◆ **Exercise**
Output the whole listing exactly, except for the pictures in it.

◆ **Data shown**
------------------------------

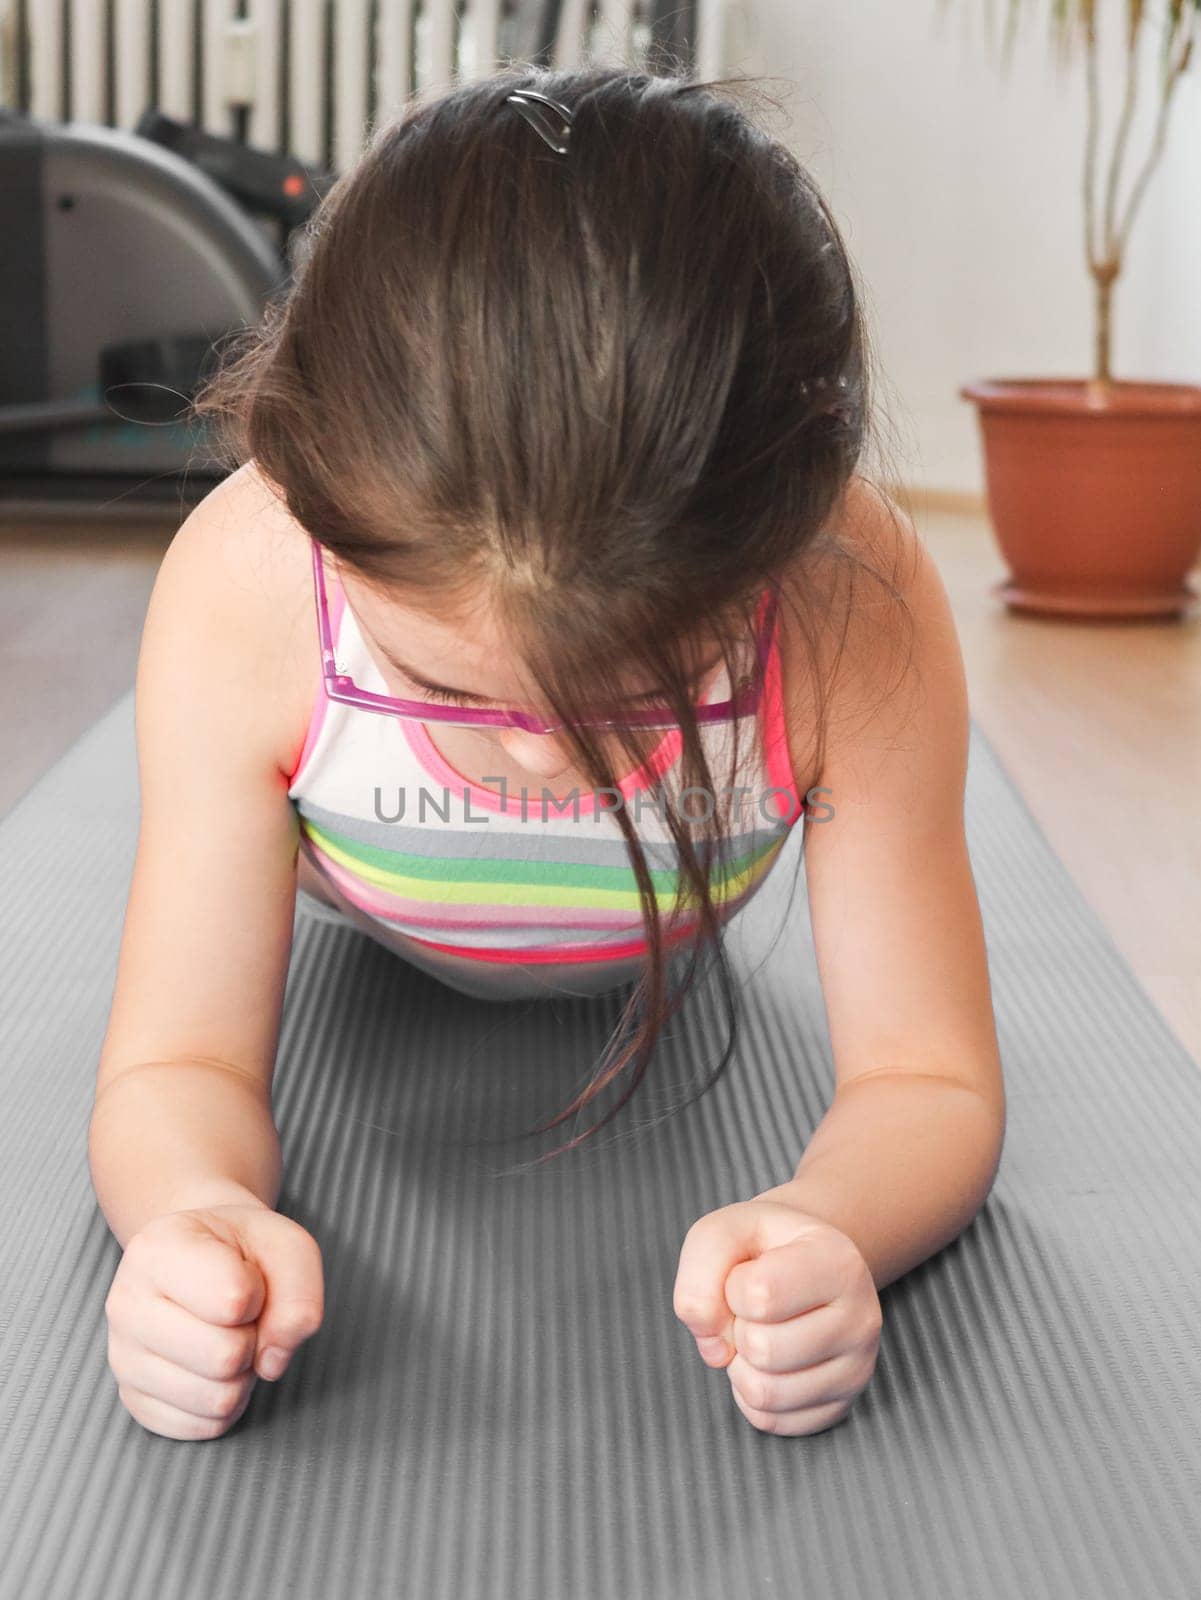 A little caucasian girl in a tracksuit and glasses does a plank exercise, clenching her hands into fists on a gray rug in a room on a wooden floor, close-up side view. The concept of home fitness, child sports and healthy lifestyle.
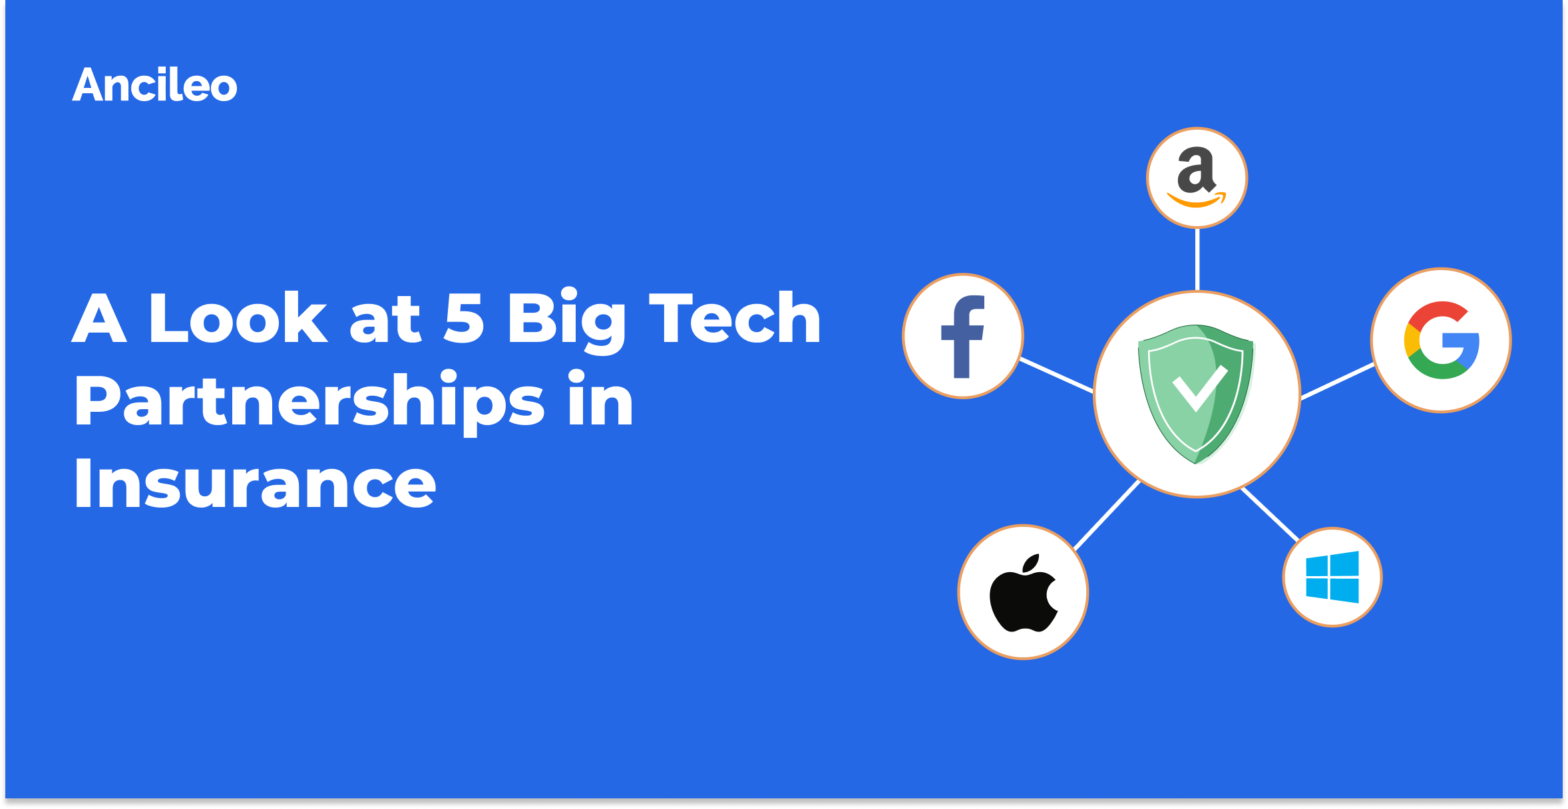 A Look at 5 Big Tech Partnerships in Insurance
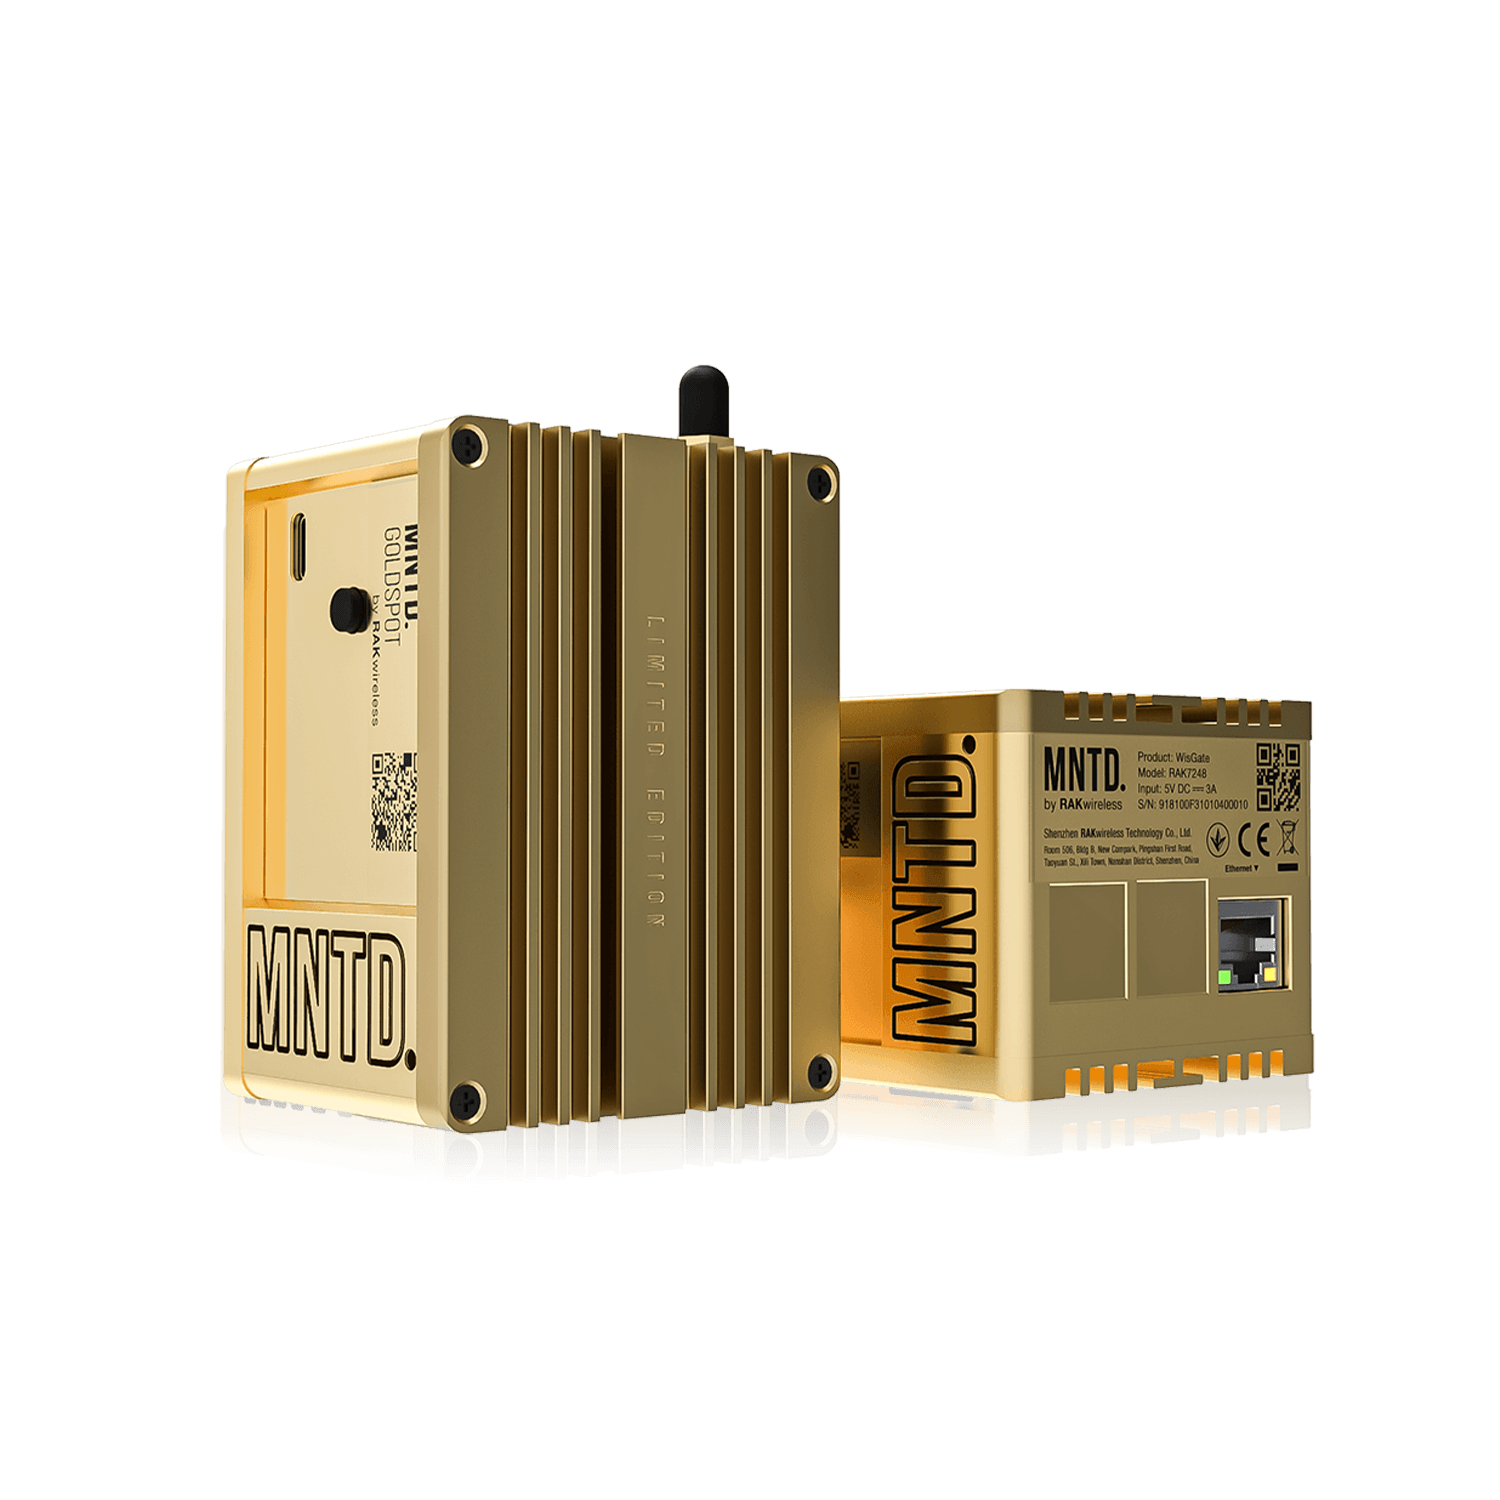 MNTD. Goldspot Miner - Limited Edition - LoRaWAN (US915) - Mapping Network

------------------------------

◆ **Response box**
 A little caucasian girl in a tracksuit and glasses does a plank exercise, clenching her hands into fists on a gray rug in a room on a wooden floor, close-up side view. The concept of home fitness, child sports and healthy lifestyle.
 A Look at 5 Big Tech Partnerships in Insurance
 MNTD. Goldspot Miner - Limited Edition - LoRaWAN (US915) - Mapping Network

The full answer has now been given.